26. The modified nuclease system according to any one of claims 1 to 21, wherein the modified guide polynucleotide includes a sequence having at least 90% sequence identity with any one of sequence numbers 2157, 2159, and 2160.
27. A modified nuclease system according to any one of claims 1 to 21, wherein the modified guide polynucleotide includes a sequence having at least 90% sequence identity with any one of sequence numbers 2017, 2022, 2029, 2031, 2032, 2035, 2044, 2045, 2047, 2048, 2073, 2075, 2090, 2195, 2197, 2198, 2199, 2200, and 2202.
28. A modified nuclease system according to any one of claims 1 to 21, wherein the modified guide polynucleotide includes a sequence having at least 90% sequence identity with any one of sequence numbers 2017, 2022, 2026, 2028, 2029, 2031, 2032, 2035, 2044, 2047, 2054, 2073, 2075, 2090, 2195, 2197, 2198, 2199, 2200, 2202, 2206, 2208, 2211, 2212, and 2216.
29. The modified nuclease system according to any one of claims 1 to 21, wherein the modified guide polynucleotide includes a sequence having 100% sequence identity with any one of sequence numbers 1327-1328, 1348, 1369-1372, 1376-1391, 1392-1414, and 1470-2242.
30. A method for modifying a target nucleic acid sequence, comprising contacting the target nucleic acid sequence with a modified nuclease system according to any one of claims 1 to 29.
31. The method according to claim 30, wherein modifying the target nucleic acid sequence includes binding, nicking, or cleaving the target nucleic acid sequence.
32. The method according to any one of claims 30 to 31, wherein the target nucleic acid sequence includes genomic DNA, viral DNA, viral RNA, or bacterial DNA.
33. The method according to any one of claims 30 to 32, wherein the modification is in vitro.
34. The method according to any one of claims 30 to 32, wherein the modification is in vivo.
35. The method according to any one of claims 30 to 32, wherein the modification is exvivo.
36. A method for modifying a target nucleic acid sequence in a mammalian cell, comprising contacting the mammalian cell with a modified nuclease system according to any one of claims 1 to 29.
37. The method according to claim 36, further comprising selecting cells containing the above-mentioned modifications.
38. A cell comprising the modified nuclease system described in any one of claims 1 to 29.
39. The cell according to claim 38, wherein the cell is a eukaryotic cell.
40. The cell according to claim 38, wherein the cell is a mammalian cell.
41. The cell according to claim 38, wherein the cell is an immortalized cell.

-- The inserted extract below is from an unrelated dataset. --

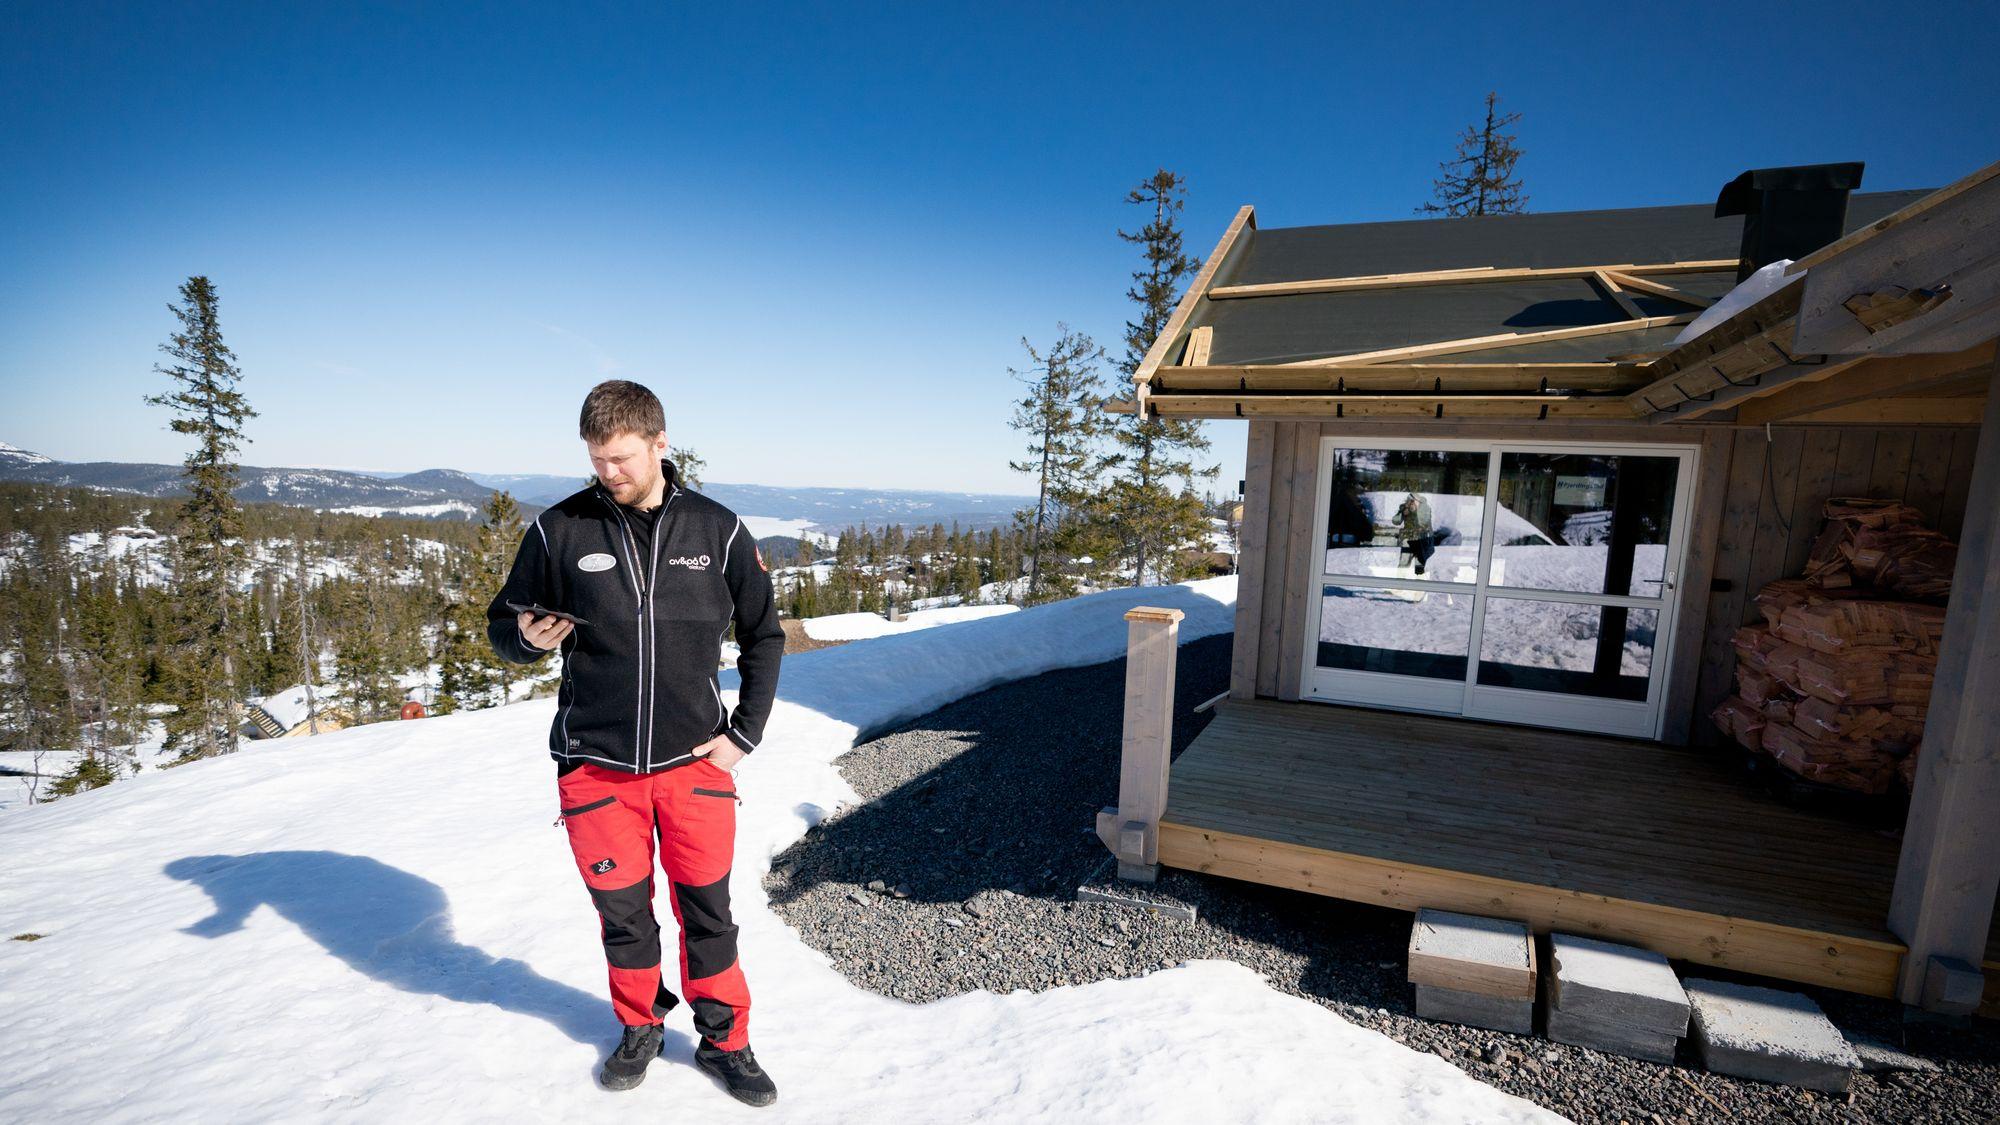 Cabin of the future: solar cells, battery, remote
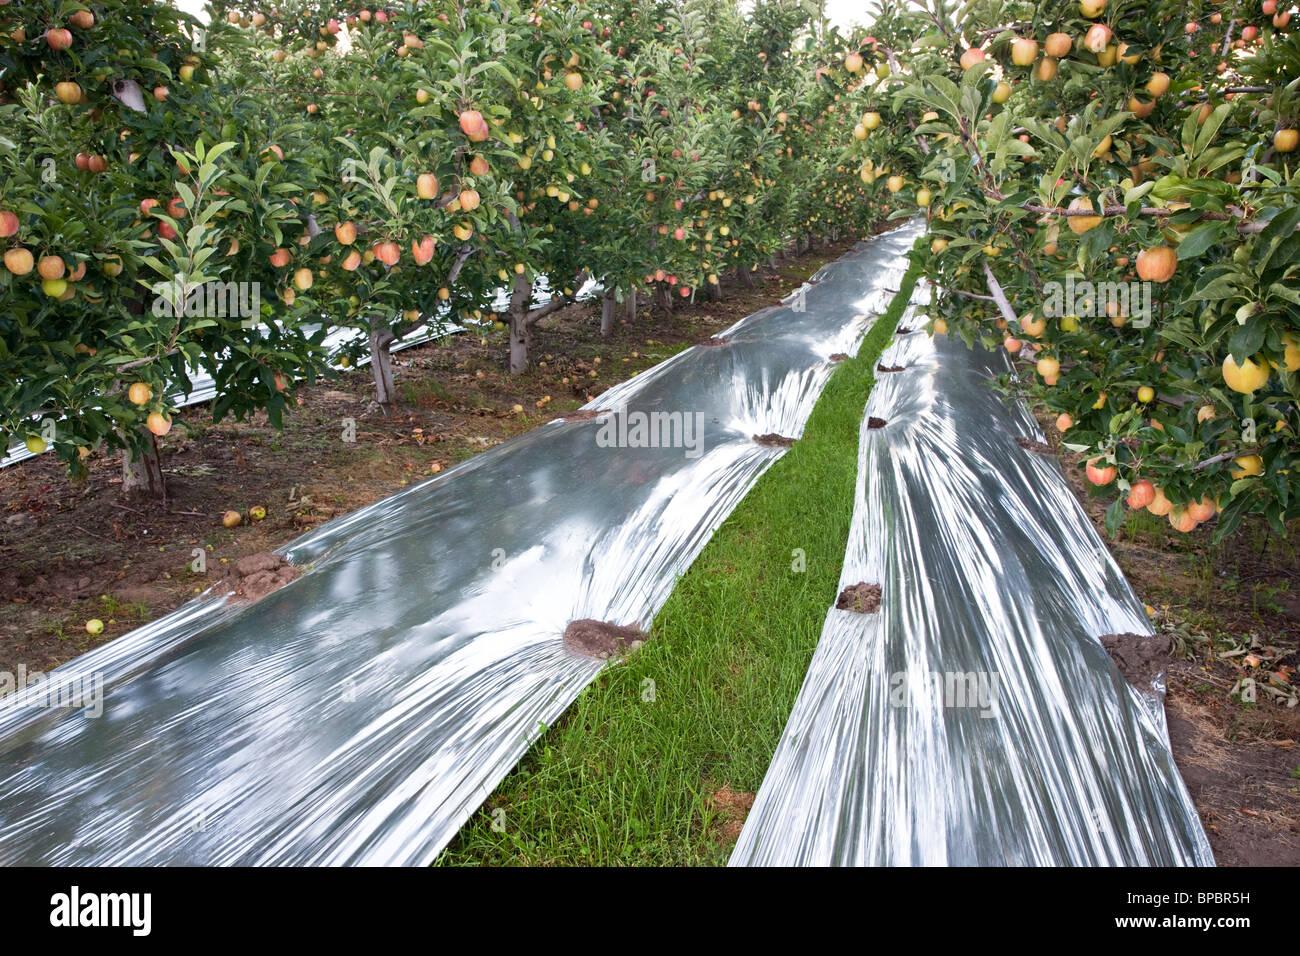 Apples  'Gala' orchard. - Stock Image

42. The cell according to claim 38, wherein the cell is an insect cell.
43. The cell according to claim 38, wherein the cell is a yeast cell.
44. The cell according to claim 38, wherein the cell is a plant cell.
45. The cell according to claim 38, wherein the cell is a fungal cell.
46. The cell according to claim 38, wherein the cell is a prokaryotic cell.
47. The cell according to claim 38, wherein the cell is A549, HEK-293, HEK-293T, BHK, CHO, HeLa, MRC5, Sf9, Cos-1, Cos-7, Vero, BSC 1, BSC 40, BMT 10, WI38, HeLa, Saos, C2C12, L cell, HT1080, HepG2, Huh7, K562, primary cell, or a derivative thereof.
48. The cell according to claim 38, wherein the cell is a modified cell.
49. The cell according to claim 38, wherein the cell is a stable cell.